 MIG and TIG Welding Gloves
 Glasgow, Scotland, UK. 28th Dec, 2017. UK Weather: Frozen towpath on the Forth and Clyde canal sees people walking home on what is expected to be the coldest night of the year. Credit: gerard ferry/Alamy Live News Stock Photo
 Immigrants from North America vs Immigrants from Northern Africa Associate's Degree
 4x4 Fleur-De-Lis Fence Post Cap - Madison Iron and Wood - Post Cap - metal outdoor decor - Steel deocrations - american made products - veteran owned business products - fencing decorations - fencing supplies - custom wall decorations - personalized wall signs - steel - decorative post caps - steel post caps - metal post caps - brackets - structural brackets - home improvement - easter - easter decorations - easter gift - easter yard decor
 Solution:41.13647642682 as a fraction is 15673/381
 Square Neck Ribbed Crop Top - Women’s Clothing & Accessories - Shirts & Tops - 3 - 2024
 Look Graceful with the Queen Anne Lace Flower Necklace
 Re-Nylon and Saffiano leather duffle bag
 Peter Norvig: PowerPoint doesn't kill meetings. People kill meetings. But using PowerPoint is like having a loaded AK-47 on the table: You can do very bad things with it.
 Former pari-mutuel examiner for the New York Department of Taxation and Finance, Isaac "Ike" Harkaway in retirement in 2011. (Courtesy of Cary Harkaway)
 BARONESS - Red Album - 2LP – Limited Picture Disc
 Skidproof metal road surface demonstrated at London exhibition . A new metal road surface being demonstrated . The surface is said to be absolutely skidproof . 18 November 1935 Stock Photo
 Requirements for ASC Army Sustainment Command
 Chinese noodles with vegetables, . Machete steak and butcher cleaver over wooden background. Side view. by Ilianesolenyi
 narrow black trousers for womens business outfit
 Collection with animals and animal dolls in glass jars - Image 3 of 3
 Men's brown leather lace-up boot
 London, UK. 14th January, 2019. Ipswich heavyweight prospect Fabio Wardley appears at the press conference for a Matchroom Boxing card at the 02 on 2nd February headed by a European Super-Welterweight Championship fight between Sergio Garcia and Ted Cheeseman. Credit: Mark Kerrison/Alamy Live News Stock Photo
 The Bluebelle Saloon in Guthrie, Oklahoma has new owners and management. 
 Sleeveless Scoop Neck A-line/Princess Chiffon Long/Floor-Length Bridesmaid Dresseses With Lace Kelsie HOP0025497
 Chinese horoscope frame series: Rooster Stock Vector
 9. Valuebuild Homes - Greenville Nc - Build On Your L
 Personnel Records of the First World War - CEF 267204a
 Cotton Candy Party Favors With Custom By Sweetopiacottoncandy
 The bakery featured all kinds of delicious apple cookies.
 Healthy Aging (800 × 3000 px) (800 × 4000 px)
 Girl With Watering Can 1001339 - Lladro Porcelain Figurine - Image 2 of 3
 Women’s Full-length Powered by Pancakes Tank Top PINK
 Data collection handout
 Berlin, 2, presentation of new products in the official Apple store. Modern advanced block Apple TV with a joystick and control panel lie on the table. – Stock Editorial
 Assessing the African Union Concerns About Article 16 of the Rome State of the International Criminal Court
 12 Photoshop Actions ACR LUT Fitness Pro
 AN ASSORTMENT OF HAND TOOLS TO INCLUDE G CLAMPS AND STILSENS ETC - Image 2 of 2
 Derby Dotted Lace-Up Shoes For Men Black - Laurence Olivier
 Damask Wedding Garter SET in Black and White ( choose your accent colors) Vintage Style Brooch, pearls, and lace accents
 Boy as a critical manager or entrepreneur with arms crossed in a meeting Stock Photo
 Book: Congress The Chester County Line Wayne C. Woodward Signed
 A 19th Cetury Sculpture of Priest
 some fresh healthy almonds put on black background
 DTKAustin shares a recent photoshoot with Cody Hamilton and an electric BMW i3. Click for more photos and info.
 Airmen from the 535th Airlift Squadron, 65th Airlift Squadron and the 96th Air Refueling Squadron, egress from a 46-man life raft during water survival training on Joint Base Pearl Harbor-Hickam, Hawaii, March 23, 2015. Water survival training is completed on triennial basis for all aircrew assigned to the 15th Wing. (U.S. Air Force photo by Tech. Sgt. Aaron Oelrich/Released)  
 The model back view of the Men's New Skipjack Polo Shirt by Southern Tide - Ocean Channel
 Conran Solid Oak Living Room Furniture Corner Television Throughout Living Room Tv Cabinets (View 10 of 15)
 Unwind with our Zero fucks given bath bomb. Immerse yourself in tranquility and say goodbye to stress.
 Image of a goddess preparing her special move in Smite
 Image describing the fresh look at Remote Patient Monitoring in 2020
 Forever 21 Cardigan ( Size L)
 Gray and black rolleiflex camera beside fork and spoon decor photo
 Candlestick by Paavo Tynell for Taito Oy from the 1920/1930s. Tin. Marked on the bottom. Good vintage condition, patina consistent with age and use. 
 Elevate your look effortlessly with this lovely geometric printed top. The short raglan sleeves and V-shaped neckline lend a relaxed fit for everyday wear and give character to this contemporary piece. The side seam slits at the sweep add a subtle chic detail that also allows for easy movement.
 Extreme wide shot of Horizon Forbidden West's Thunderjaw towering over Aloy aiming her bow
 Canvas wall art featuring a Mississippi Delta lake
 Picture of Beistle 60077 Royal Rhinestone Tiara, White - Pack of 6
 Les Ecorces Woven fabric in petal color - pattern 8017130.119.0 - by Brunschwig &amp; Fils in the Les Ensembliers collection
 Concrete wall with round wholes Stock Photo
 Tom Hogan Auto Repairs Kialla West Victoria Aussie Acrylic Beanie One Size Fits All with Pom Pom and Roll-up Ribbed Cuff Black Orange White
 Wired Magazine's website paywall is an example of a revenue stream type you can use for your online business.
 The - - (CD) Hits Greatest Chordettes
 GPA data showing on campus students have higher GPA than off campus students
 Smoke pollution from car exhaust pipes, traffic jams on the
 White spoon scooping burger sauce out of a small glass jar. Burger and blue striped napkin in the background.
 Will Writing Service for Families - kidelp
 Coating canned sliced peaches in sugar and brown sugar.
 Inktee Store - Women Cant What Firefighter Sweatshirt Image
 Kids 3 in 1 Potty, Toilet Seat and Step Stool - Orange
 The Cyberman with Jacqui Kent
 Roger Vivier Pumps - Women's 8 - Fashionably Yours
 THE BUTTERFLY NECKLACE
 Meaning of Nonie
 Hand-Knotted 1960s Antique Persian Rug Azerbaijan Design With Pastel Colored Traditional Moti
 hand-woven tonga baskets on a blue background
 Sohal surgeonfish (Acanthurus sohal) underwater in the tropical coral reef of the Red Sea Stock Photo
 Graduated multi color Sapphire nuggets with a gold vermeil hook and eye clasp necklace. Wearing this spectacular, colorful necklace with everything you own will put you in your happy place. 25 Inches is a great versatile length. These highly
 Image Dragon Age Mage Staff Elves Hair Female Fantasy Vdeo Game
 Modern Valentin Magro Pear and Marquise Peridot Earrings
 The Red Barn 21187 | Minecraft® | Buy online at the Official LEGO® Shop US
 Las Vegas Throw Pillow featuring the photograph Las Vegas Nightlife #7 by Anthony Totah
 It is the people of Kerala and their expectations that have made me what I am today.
——————
● Task
Up to and including the line with "Glasgow, Scotland, UK.", print every line of the material above, starting from its first line, exactly.

● Expected answer
 MIG and TIG Welding Gloves
 Glasgow, Scotland, UK. 28th Dec, 2017. UK Weather: Frozen towpath on the Forth and Clyde canal sees people walking home on what is expected to be the coldest night of the year. Credit: gerard ferry/Alamy Live News Stock Photo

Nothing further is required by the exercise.